World Aquaculture Singapore 2022

November 29 - December 2, 2022

Singapore

PARENTAGE ASSIGNMENT OF STRIPED CATFISH Pangasianodon hypophthalmus WITH SHALLOW WHOLE GENOME SEQUENCING DATA

Dao Minh Hai *, Duong Thuy Yen, Nguyen Thanh Phuong, Pham Thanh Liem, Bui Minh Tam, Do Thi Thanh Huong, Bui Thi Bich Hang, Vo Nam Son, Dang Quang Hieu, Wouter Coppieters, Mutien-Marie Garigliany, Patrick Kestemont, Nicolas Antoine-Moussiaux, Frédéric Farnir.

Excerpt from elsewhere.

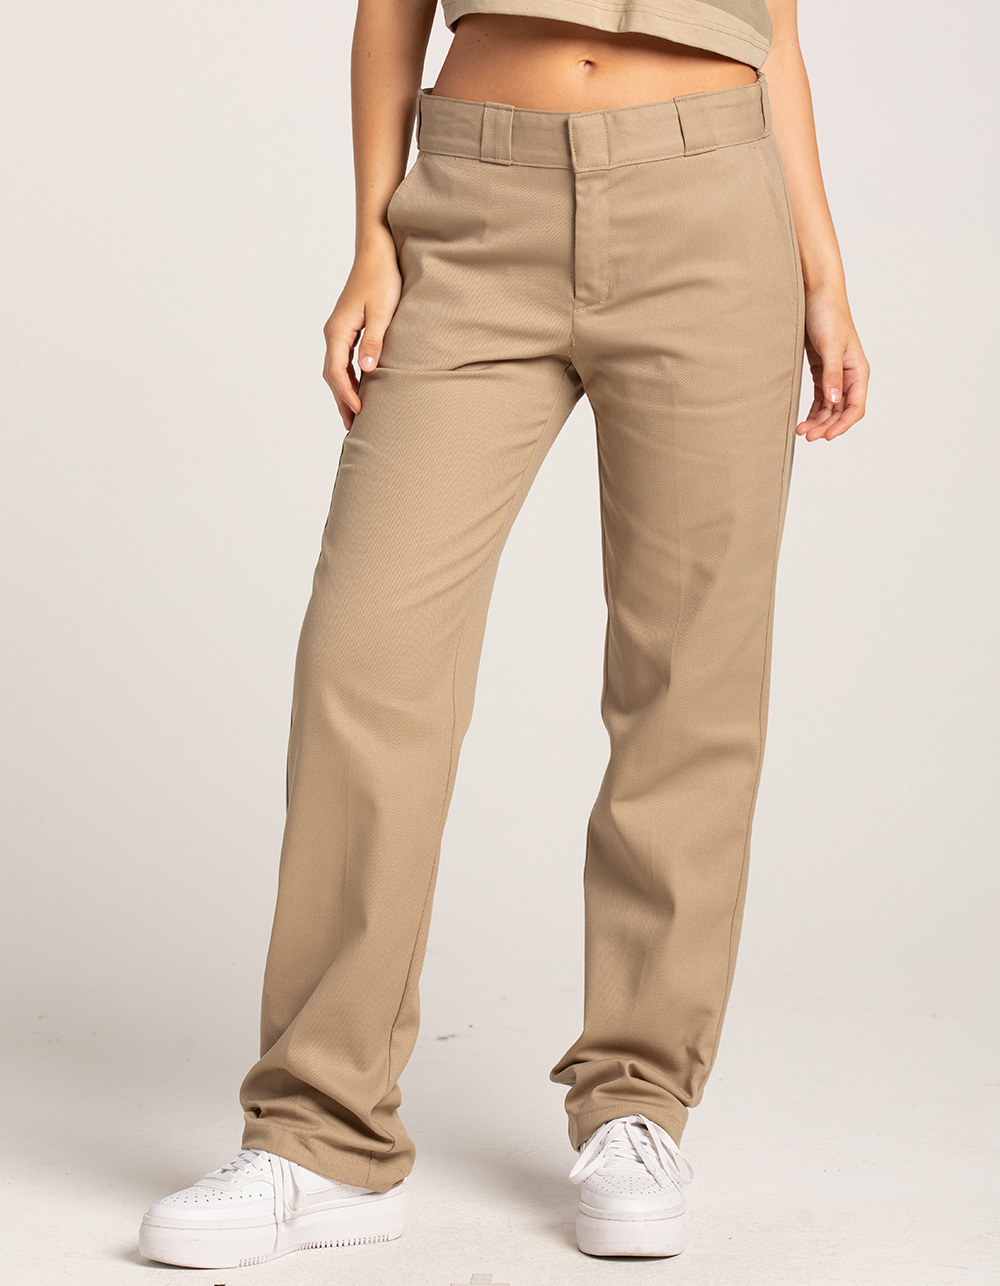 Womens Light Brown Striped a.n.a. Flat Front Khaki Pants Size 8 Tall very  good

* FARAH/Sustainable Animal Production, Faculty of Veterinary Medicine, University of Liege (B43), 4000-Liege, Belgium

* Colleges of Aquaculture and Fisheries, Can Tho University, Viet Nam

Email: dmhai@ctu.edu.vn

 



Pedigree information is important in estimating genetic parameters in selective programs and hatchery management of aquaculture. Several previous studies on parentage assignment have focused on using genetic data generated from micro-satellite markers and more recently from SNP arrays. In this study, we evaluate the performance of using shallow whole genome sequencing (SWGS) data to analyze parentage assignment of striped catfish (Pangasianodon hypophthalmus) in lieu of traditional array data. To prepare genetic data, we performed whole genome deep sequencing of one catfish with high fold coverage (~ 144X), and used this information to establish a de novo draft reference genome. For 59 parents (30 males and 29 females, leading to 870 full-sib families) and 500 offspring, we used SWGS with fold coverage of ~ 1 to 2X (parents) and ~ 0.5 X (offspring) per individual. We mapped SWGS data on the draft reference genome to identify genomic variants, including SNPs, that we will use for parentage assignment. The use of SWGS data raises two challenges: First, for low-coverage (e.g., < 2X), confirmed genotypes for offspring and parents are in most case not available. Second, read errors are common in next generation sequencing. To address these issues, we have developed a new parentage assignment algorithm based on a likelihood approach to identify the most suitable (i.e likely) set of parents for each offspring. In order to test this likelihood approach, we have simulated data and used the likelihood approach to try to reconstruct the families. The results show that quasi-perfect assignment can be obtained (with accuracy: 0.993) in the conditions of our experiment if at least 5.000 SNPs are used (assuming an error rate of 0.01). For empirical data, we have extracted ~26.000 high quality SNPs from 5.900.000 genomic variants (obtained from mapping genomic data from the 59 parents on the draft reference genome) and used these SNPs to infer the parents of 500 offspring. Our results demonstrate that using SWGS data can enable to generate highly accurate pedigree information using an appropriate algorithm. We also make the algorithm used in this study available as a standalone program called Shallowped.